Existing Light

Cyanotype workshop with Jesseca Ferguson

February 8, 2010 · Leave a Comment

I’ve happily worked as a studio assistant for Jesseca Ferguson for almost two years now. She’s fantastic, incredibly knowledgeable, and a great teacher. The Griffin Museum is holding a Cyanotype demonstration in Jesseca’s studio, which you definitely want to see. Details are below. Sign up!

Cyanotype Demonstration and Studio Visit
with Jesseca Ferguson
Fort Point Studios, Boston

As photography becomes increasingly digital, many photographers are turning to techniques and processes from the dawn of the medium to reinvent their image making.

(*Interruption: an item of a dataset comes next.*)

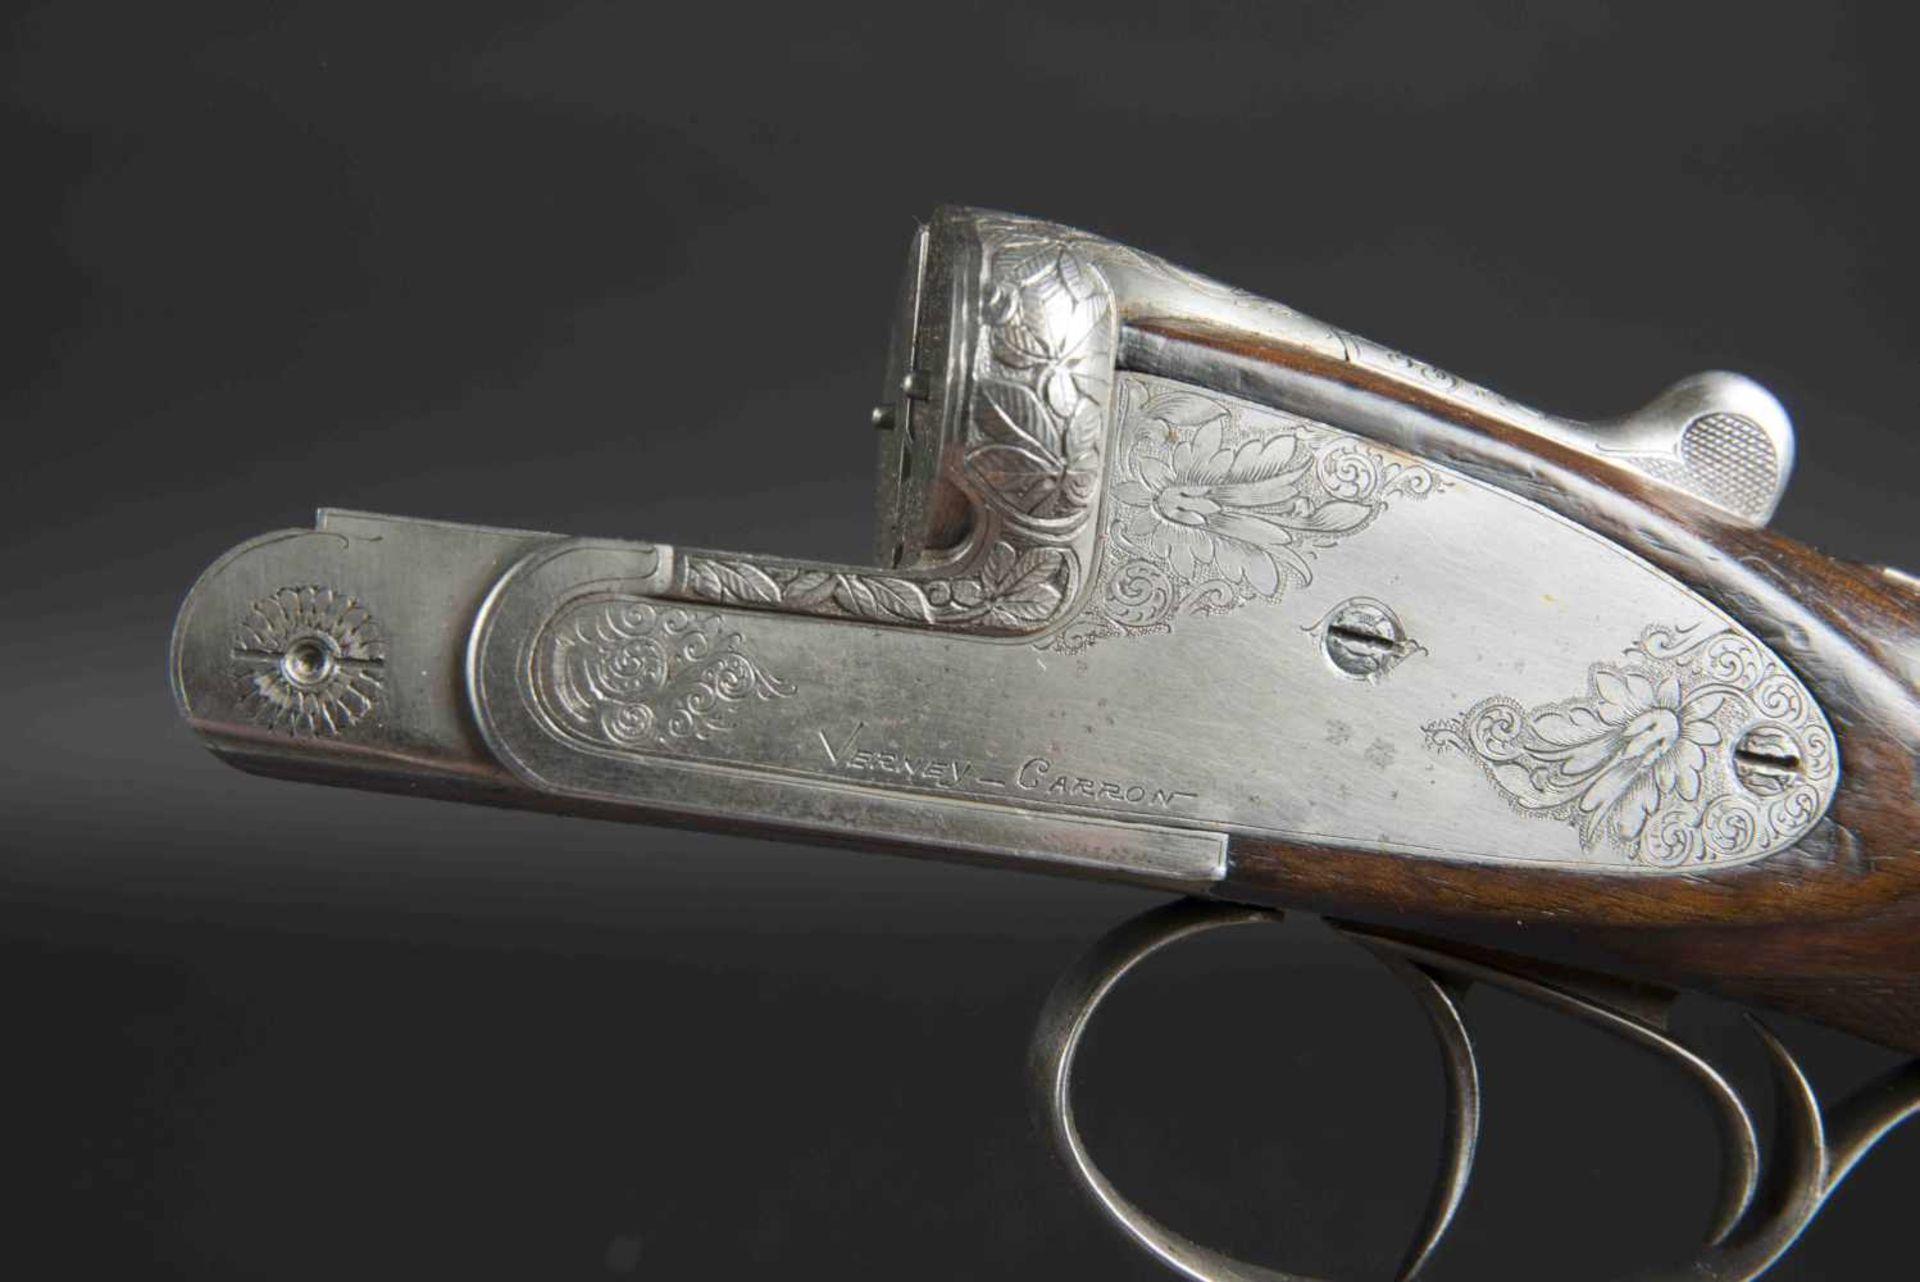 Fusil de chasse Verney Carron Catégorie C Parties métalliques ciselées. Verney Carron Helicobloc. - Bild 4 aus 4

Jesseca Ferguson has been working with so-called “antiquarian” photo processes since 1990. In this demonstration, Ferguson prints images from her large format pinhole negatives on artists’ paper using cyanotype, an iron-based, hand-applied photo process invented in 1842. Handouts provide further information for those photographers interested in pursing cyanotype on their own.

Ferguson’s pinhole photographs and collaged “photo objects” have been exhibited in the United States and Europe and are in a number of public collections, including Boston’s Museum of Fine Arts, Harvard University’s Fogg Museum, Bibliotheque Nationale de France in Paris, the Museet for Fotokunst in Denmark; and Muzeum Historii Fotografii in Poland. Ferguson teaches at the School of the Museum of Fine Arts, Boston.

The workshop is limited to 10 people. Fee is $30
The address of the studio will be sent with enrollment. Please RSVP to the Griffin, 781-729-1158.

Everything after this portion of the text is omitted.